Have not old people been saying something like this to young  people for ever?  And were not the summers always sunnier?  Mr Commins is remembering the early years of the century, perhaps the same hard winters that inspired Dickens' white Christ masses (no other plural seems to me satisfactory) in Pickwick,  Christmas Carol  &c.    In Dickens' day not so old Exonians could tell tall tales, by way of example, of the excessive fall of snow of 1751 when the snow in Devon was three foot deep  and there were many melancholy accidents, waggons overturned, coaches axle-deep on the roads, sheep lost on the farms, extensive damage to property and death through accident..   

The  Januaries, however, of Mr Commins' own times seem severe enough to us today.  There was a heavy fall of snow on New Year's Day 1880 and the Exe froze in 1881.  Typical is the report of Trewman's Exeter Flying Post of January  4th  1871:  The Exe had again frozen over and "New Year's Day and Christmas Day were very much alike, and neither of them differed in any material point from the six days which intervened;  Sunday was, in fact, the twelfth day of hard frost." 

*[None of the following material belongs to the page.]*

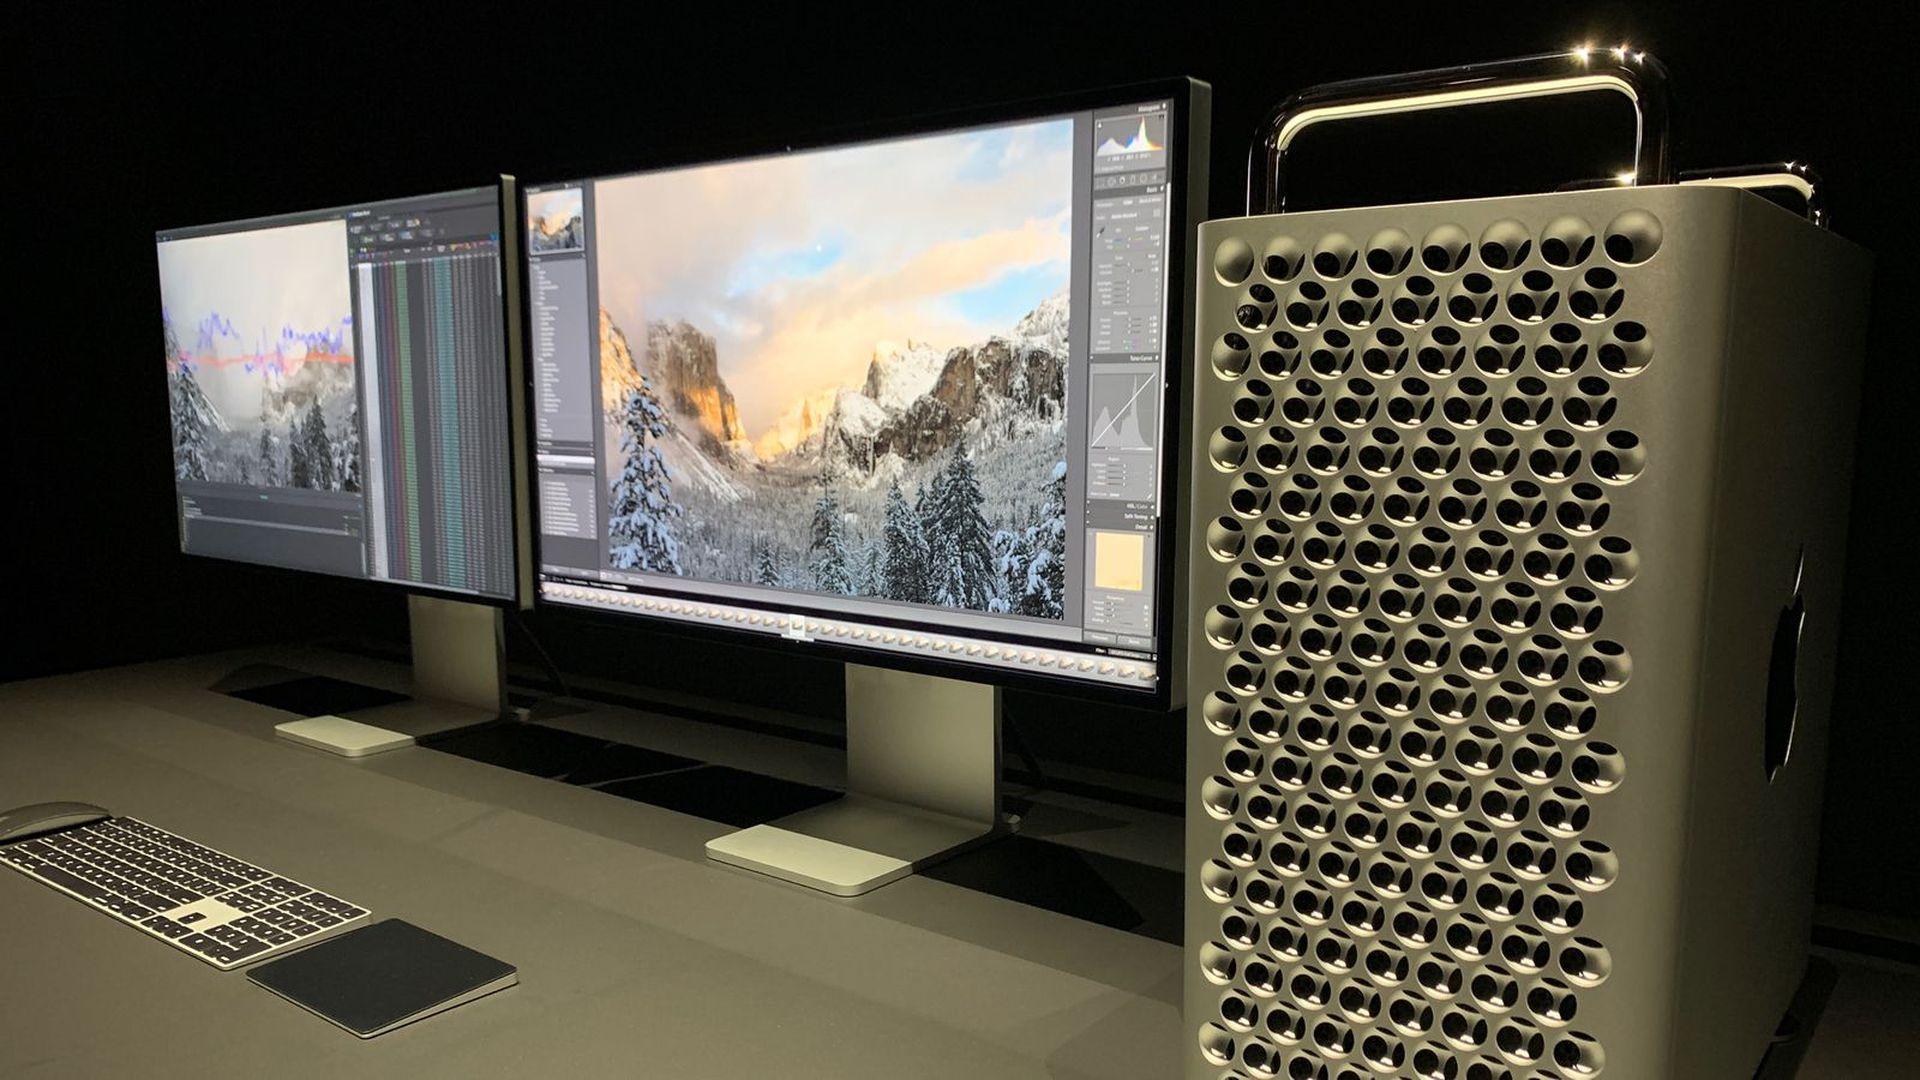 Apple's Mac Pro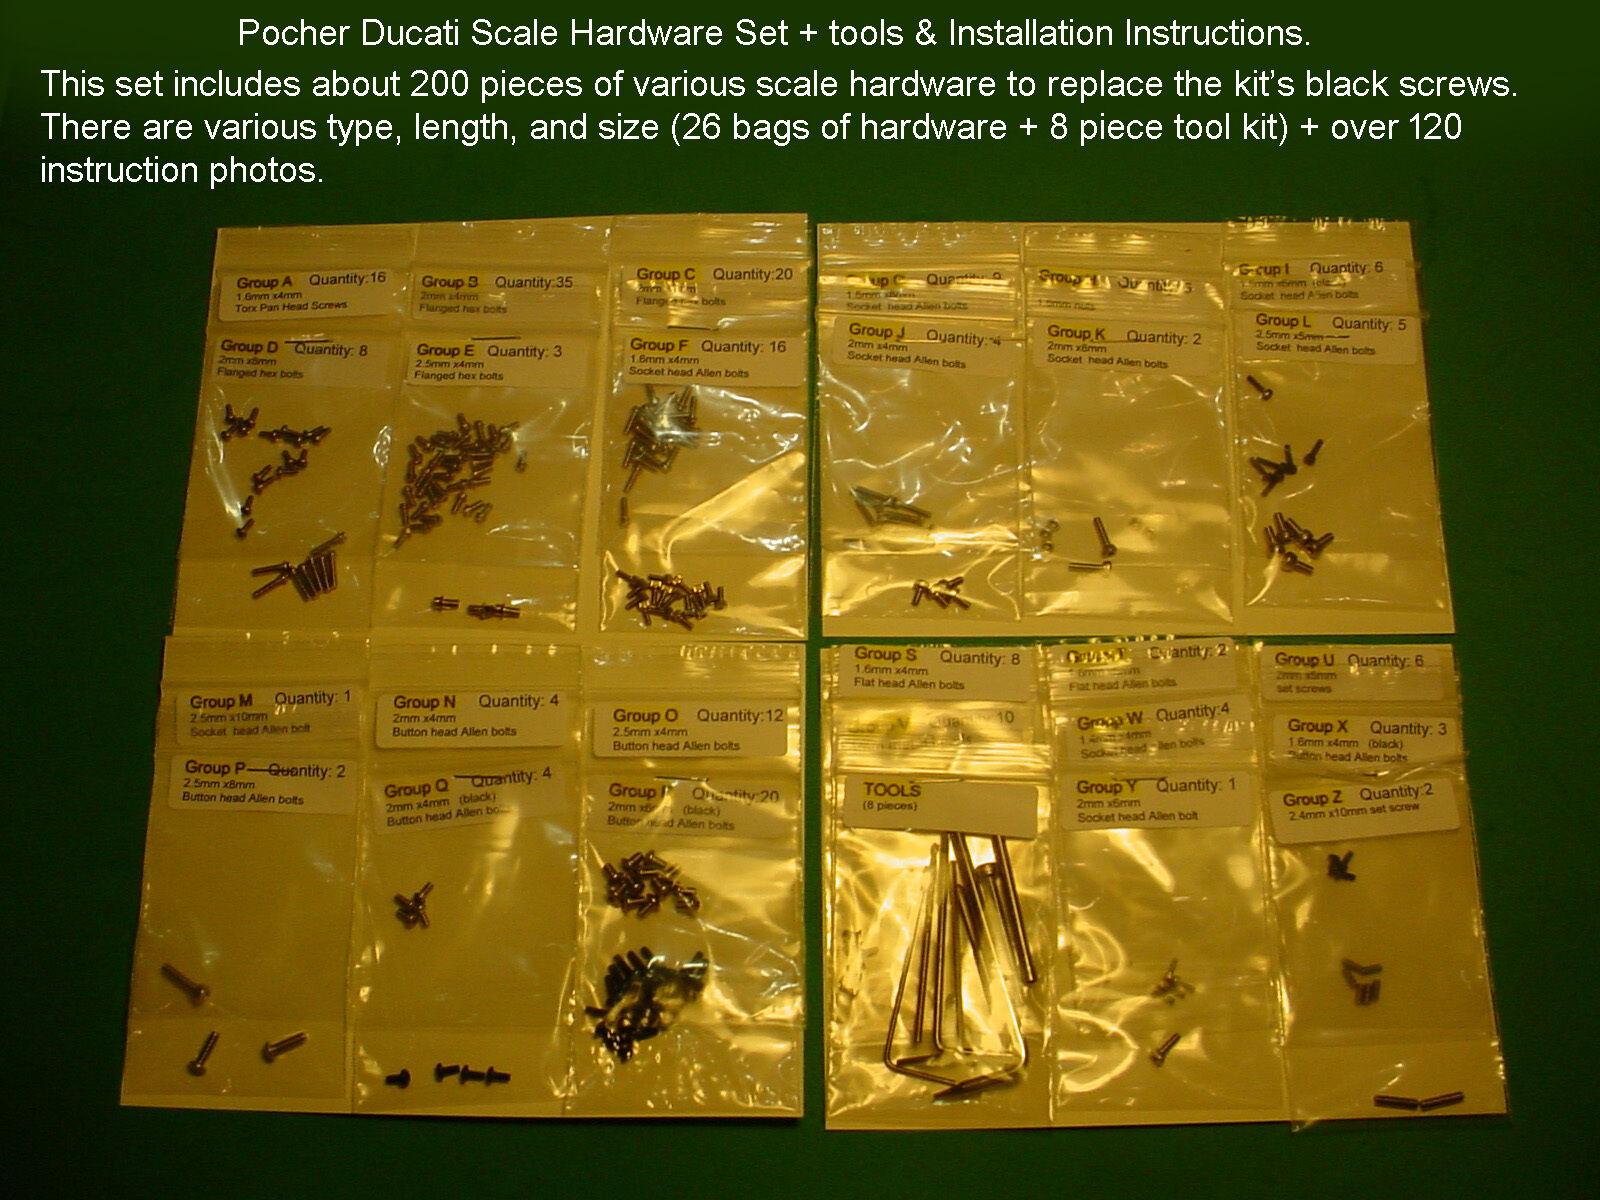 POCHER DUCATI 1299 PANIGALE S SCALE HARDWARE SET + TOOL KIT + INSTRUCTION PHOTOS

In February 1855,   the Gloucester Journal  had reported: "The whole of the country has alike been influenced by the long-continued frost.  The poor have suffered severely by being thrown out of  employment, and the prosperous and well-to-do have enjoyed themselves by various amusements on the ice,  The tiver Exe was frozen over at Exeter, and a dinner for a convivial party was cooked on the ice by means of a gas-stove; games of skittles and other amusements have taken place, and skaters have abounded on various parts of the river."

I  think it likely that even some of 'the poor' found time for fun and games on the ice but two centuries ago newspapermen, as today, liked to demonstrate a social conscience and to signal their own virtue,  not that I doubt there were enough citizens who suffered from the cold.   Skittles on the ice sounds fun and one would certainly have liked to have had an invitation to that convivial dinner-party.

There have been notably hard winters since then  but the trend is  clear.   Today as I write, the sun is shining and the temperature is at seven degrees centigrade - positively balmy!   
   

Monday, 11 January 2021

THE EXETER WAR MEMORIAL

England can boast many fine war memorials but the bronze group which Devon-born-and-bred sculptor John Angel created for the City of Exeter's War Memorial is as good as any.  Angel was a consummate artist.  His later career was in the United States where there are many examples of his  excellent work. The famous bronze doors of St Patrick's Cathedral in New York are his.   

On the first of August  1923,  shortly after the memorial was unveiled,  The Exeter and Plymouth Gazette published some rather bad couplets under the heading  Exeter War Memorial.  They were  composed by one C.E.B.  


THE SAILOR

Guard of the Seas I sit with eyes that gaze afar;

Foes around me, beneath, affright not the British Tar.


THE SOLDIER.

Ward of the Trenches I sit (I have marched full many a mile)

I have fought, I have suffered,  - I win - and that's why I wearily smile.


THE PRISONER OF WAR.

Prisoner of War I sit behind the fast closed gates.

Unconquered, unbroken, I wait in trust for my rescuing mates.


THE WOMAN.

Woman of Pity ,  I sit and prepare the healing hands

For the shattered and wounded limbs of my Brothers from many lands.


VICTORY.

High above all I stand, bay wreath uplifted to Heaven, 

The Dragon beneath my feet, I honour the men of Devon.


I publish these verses again here because, crude though they are, they remind us of the spirit of the times and of the real sacrifice which these figures represent.   The heroic and colossal four are still sitting in Northernhay Gardens and they are well worth a second look. Victory soars high above their heads like Marianne at the barricades.  Many who pass by do not see her.  Some seem not able to raise their eyes from their mobile phones.  She is truly magnificent.  She rises triumphant, one foot clear of the ground and her lovely arm raised on high.   She is a wonder to gaze on from any angle,  perhaps most glorious  against  summer skies, which  at the moment we do not have, and from Northernhay Gate.